The `ones()` function works analogously to the `zeros()` function, filling an array with the value `1`.

In [20]:
np.ones(1)

array([1.])

In [19]:
np.ones((3, 4))

array([[1., 1., 1., 1.],
       [1., 1., 1., 1.],
       [1., 1., 1., 1.]])

The "numpy" module also contains another module within called the "random" module. The "random" module contains different functions which allow us to create arrays filled with random numbers. For example the `uniform()` function creates an array with random floating-point numbers sampled uniformly from a specified range of values ("sampled uniformly" means that every floating-point number within the specified range of values has an equal likelihood of being chosen).

The `uniform()` function takes in three arguments:

1. The first argument determines the lower-bound of the range of values (the value itself is included in the range).
2. The second argument determines the upper-bound of the range of values (the value itself is excluded from the range).
3. The third argument determines the shape of the array.

In [36]:
np.random.uniform(0, 1, 3)

array([0.4961275 , 0.66281566, 0.53734364])

In [37]:
np.random.uniform(0, 1, (2, 3))

array([[0.50961483, 0.7198284 , 0.29486337],
       [0.75636579, 0.81119542, 0.91071251]])

In [38]:
np.random.uniform(-15, 15, (2, 3))

array([[  2.49448695, -12.02803112,   6.50248066],
       [-14.89821916,   4.58227313,  -8.44230171]])

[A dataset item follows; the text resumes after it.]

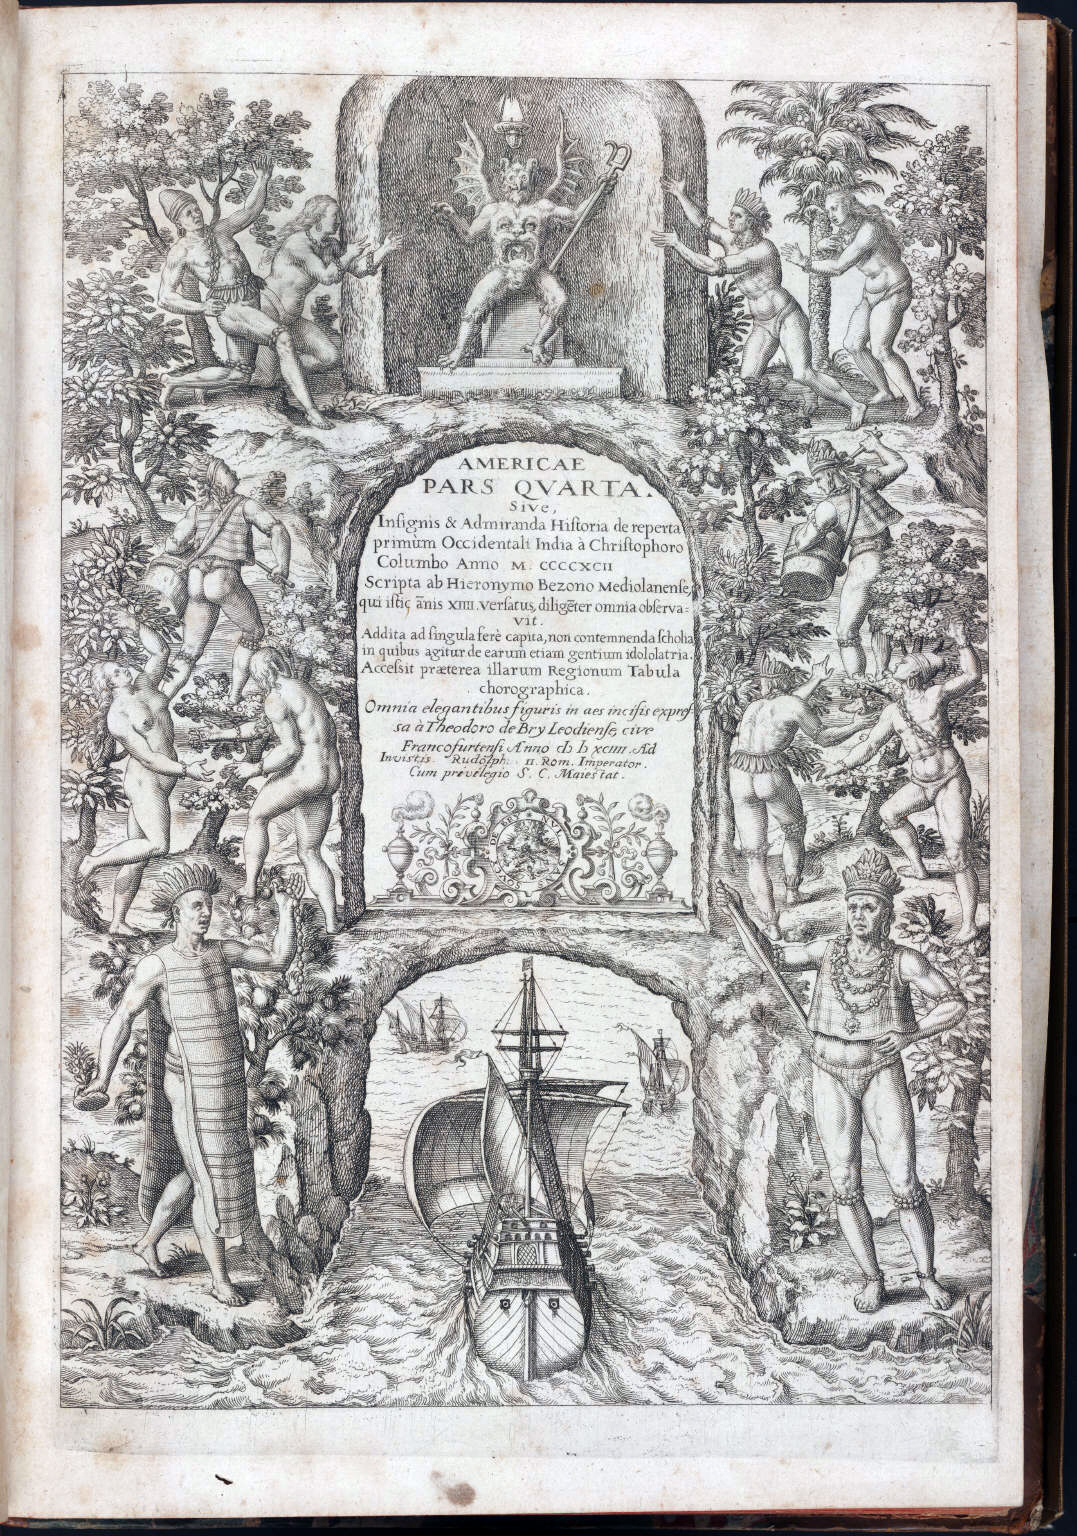 Theodor de Bry, Title page for "Historia del Mondo Nuovo," title page (text by Girolamo Benzoni), engraving. Courtesy of the Yale Collection of Western Americana, Beinecke Rare Book and Manuscript Library, Yale University, New Haven, Connecticut.

There is also a `randint()` function which works like the `uniform()` function but with integers:

In [56]:
np.random.randint(0, 10, 5)

array([3, 6, 7, 4, 8])

In [39]:
np.random.randint(0, 10, (4, 2))

array([[8, 4],
       [3, 7],
       [6, 6],
       [6, 7]])

In [40]:
np.random.randint(-30, -20, (4, 2))

array([[-23, -27],
       [-21, -21],
       [-23, -26],
       [-30, -29]])

There are also other functions which create various kinds of arrays, however, as mentioned previously, it is not important to memorize or know about all of these functions. All we have to know is that there are many different functions. This is because if we know they exist, we know we can look for them (via a search engine or on the [official numpy documentation page](https://numpy.org/doc/stable/user/index.html)) to see if a function exists that solves our particular problem.

# 4. NumPy array data types  <a id='numpy-array-data-types'></a>

The code cell below creates three arrays - each containing items of a different data type (`int`, `float`, `str`). If we use the `type()` function, we can see that each of those arrays is an `ndarray` regardless of the type of data it contains.

In [3]:
a = np.array([0, 1, 2])
b = np.array([0.34, 27.42, 5.39])
c = np.array(["a", "b", "c"])

print(type(a))
print(type(b))
print(type(c))

<class 'numpy.ndarray'>
<class 'numpy.ndarray'>
<class 'numpy.ndarray'>


However, a NumPy array also contains information about the data type of the items stored within it. The data type of the items within an array can be accessed via the `dtype` attribute:

In [40]:
print(a.dtype)
print(b.dtype)
print(c.dtype)

int64
float64
<U1


As we can see, the `dtype` attribute returns a different data type for each `ndarray`.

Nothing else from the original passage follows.